From this month's Ann Arbor Current

Sounds From Big (and Small) Rooms~ Having Fun with Bad Indians’ new music and the ARBCO Co-Op

I’m always apprehensive about such phrases as: “new favorite (band),” but damn it all if I hadn’t said the same thing about Ypsi’s Bad Indians.


The thing is, I said that sensationally dubious phrase almost six months ago and, still, I return to the serrated shimmy and reverb-roiled tumbles and drives of their Don’t Hang That (On Me) cassette album on a regular basis. Which is heartening, firstly because it seems so many “new favorites” fail to stick-to-the-wall in the impermanence of the internet-music-world; secondly because I’ve gotten a chance to establish a reference point for their sonic sensibilities in time to dive into their next vision-quest, Sounds from the Big Room (currently available online, and at Café Ollie’s Ypsi Music Shelf

“We really aren’t a punk band,” said singer/guitarist Jules Nehring, “but I guess we’ve got some punk songs.” If anyone asks? Bad Indians are rock n’ roll. (myspace.com/badindians)
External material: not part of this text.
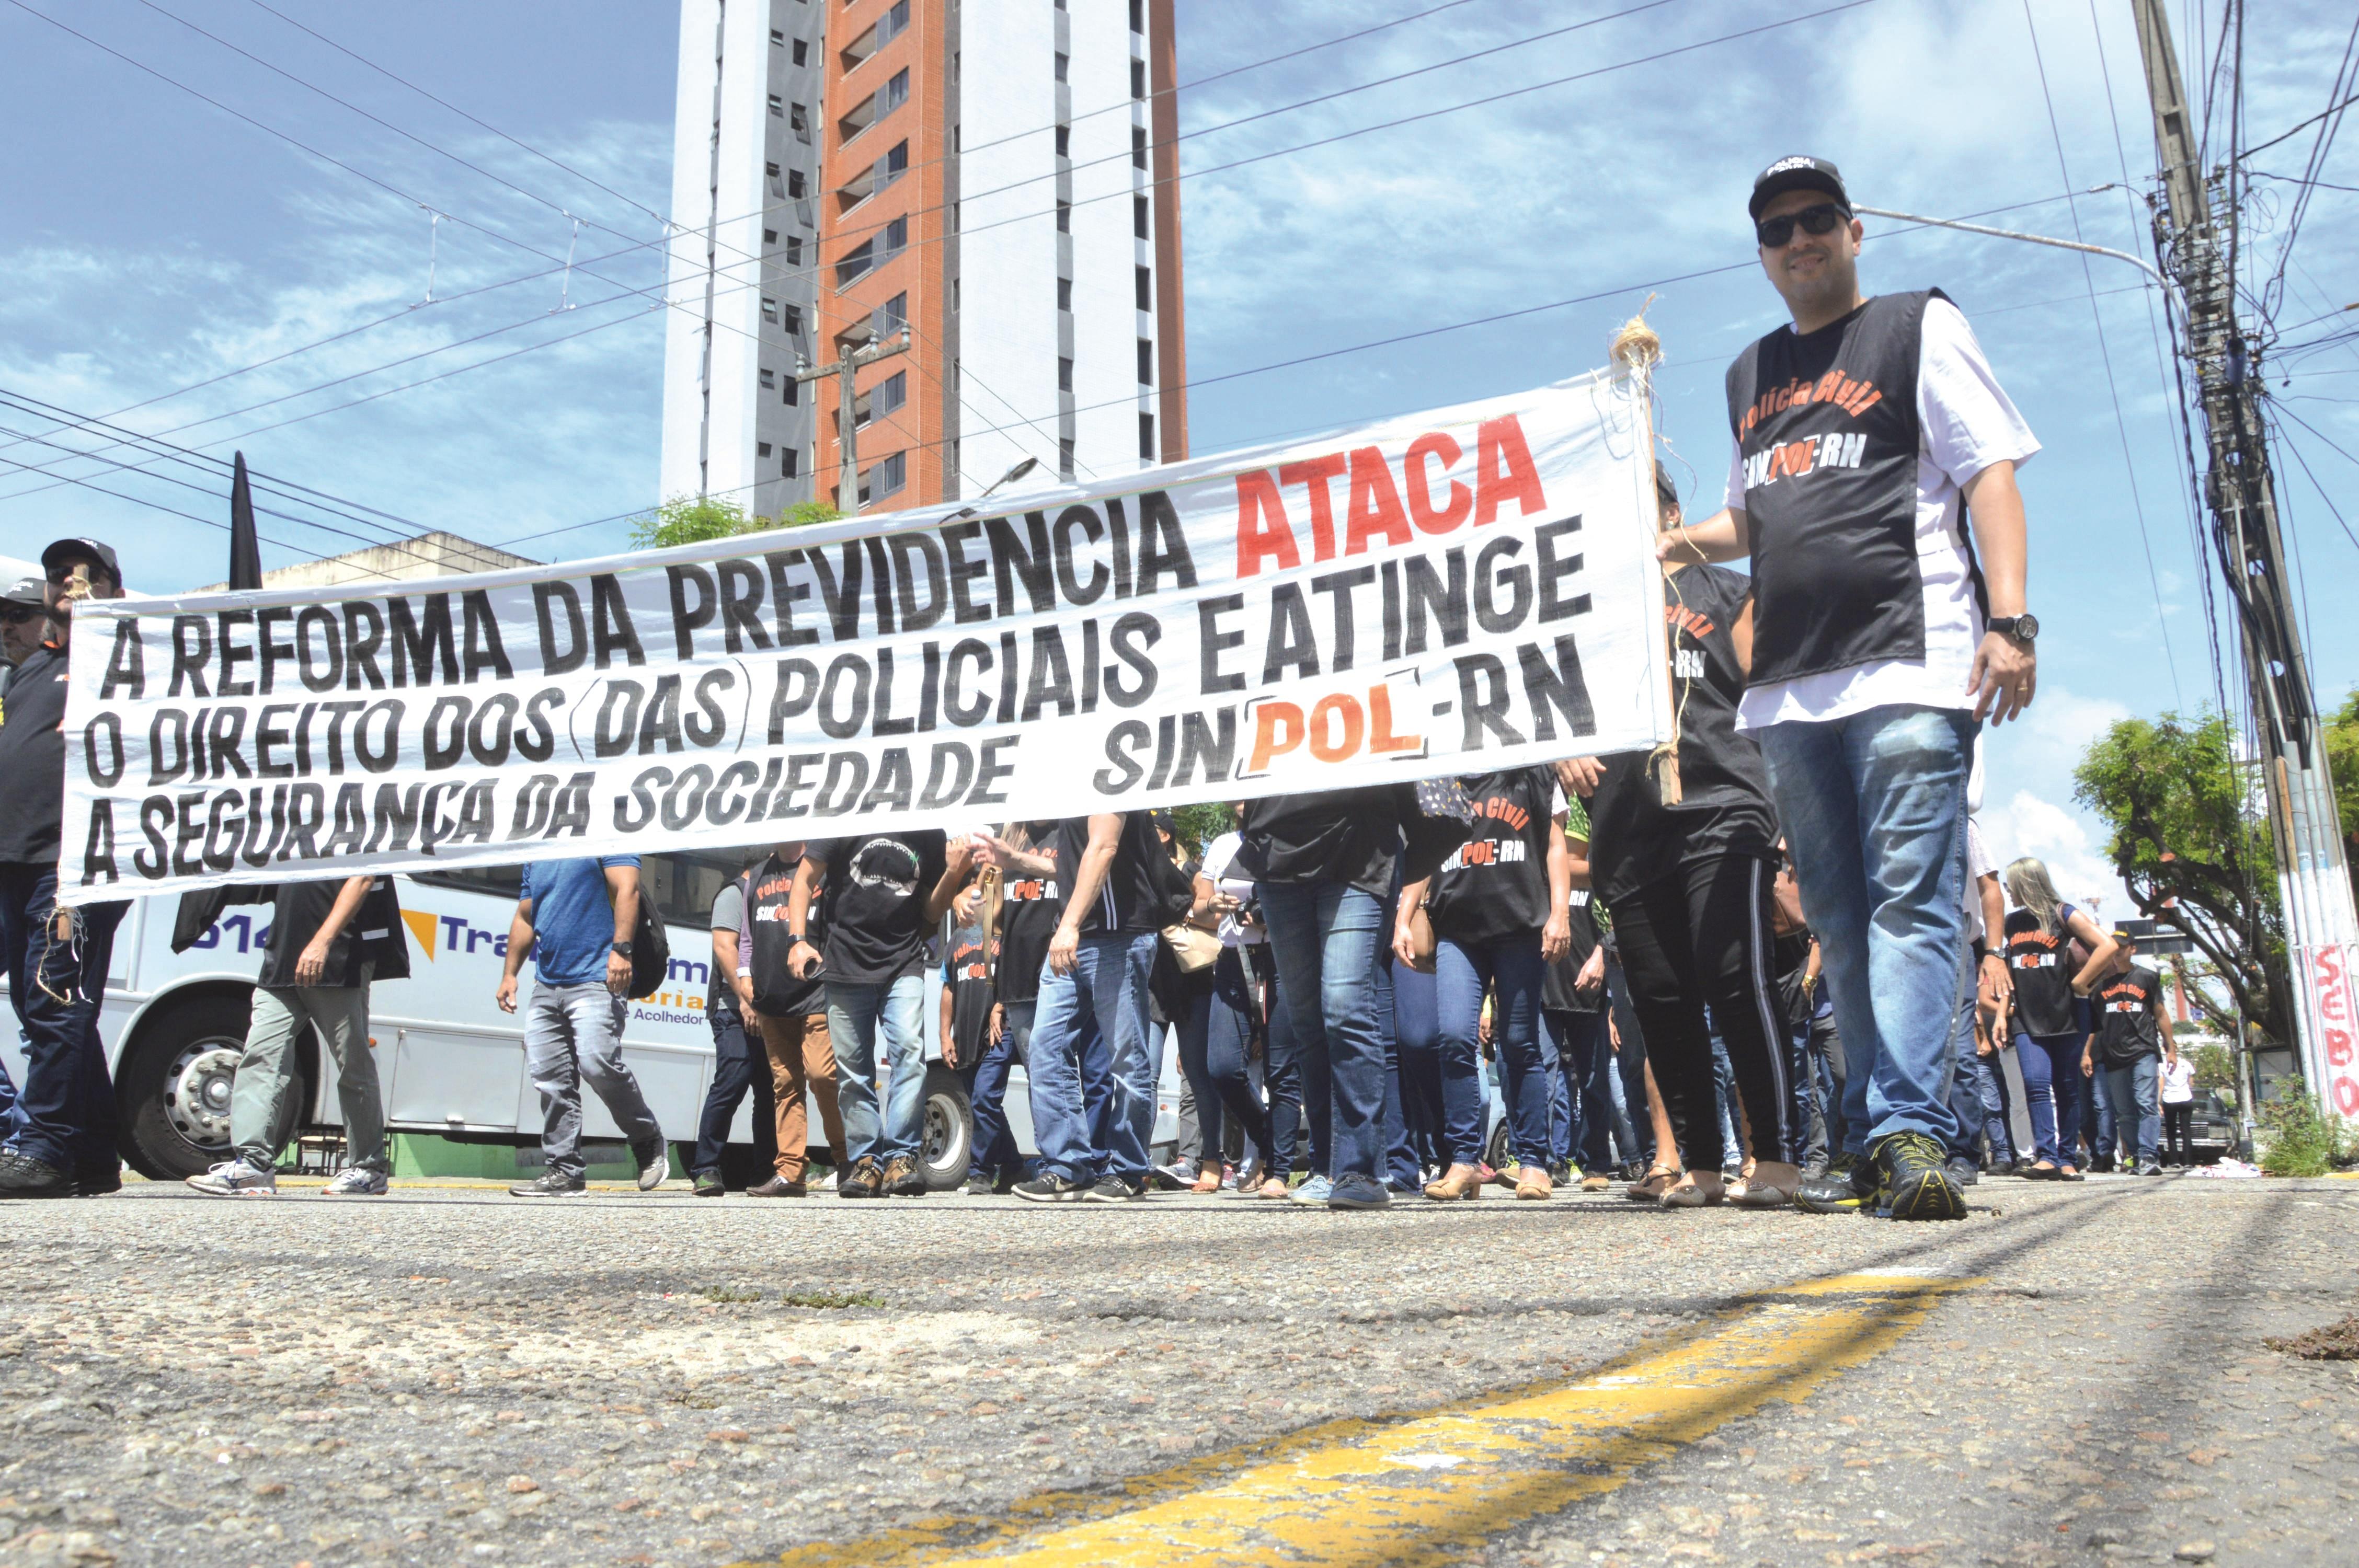 Protesto do SinpolRN Contra Reforma da Previdência 40

The thing is, each member, Autumn Wetli—drums/vocals, Erin Davis—bass/vocals and Ian Lannen—guitar/vocals, Morgan Morel--keys,) contributes to the songwriting process, each bringing their own approach and their own influences. Thus, their coalescing sound arches from swirling, scorched psychedelia, to spookily fuzzed-out blues, to deluges of reverb and hazy vox serenades mutating garage rock with bubble-gum pop.


One constant, thus far, has been their preferred means of recording, via their humble 4-track, often self-produced at their cramped recording space. “I’d really like to record on a reel-to-reel 4-or-8-track,” Nehring said. “It doesn’t always sound that great, but it works best for us because it isn’t any different from how we practice or play a show.”


Nehring shrugged off the gloss of big budgeted/premier productions, opting to listen to “a 4-track bedroom recording any day. I think recordings can be treated as almost-an-effect-onto-itself, to bring something new to a song. Reverb is a big part. I really like it and if we could practice or record in a cave, I would.”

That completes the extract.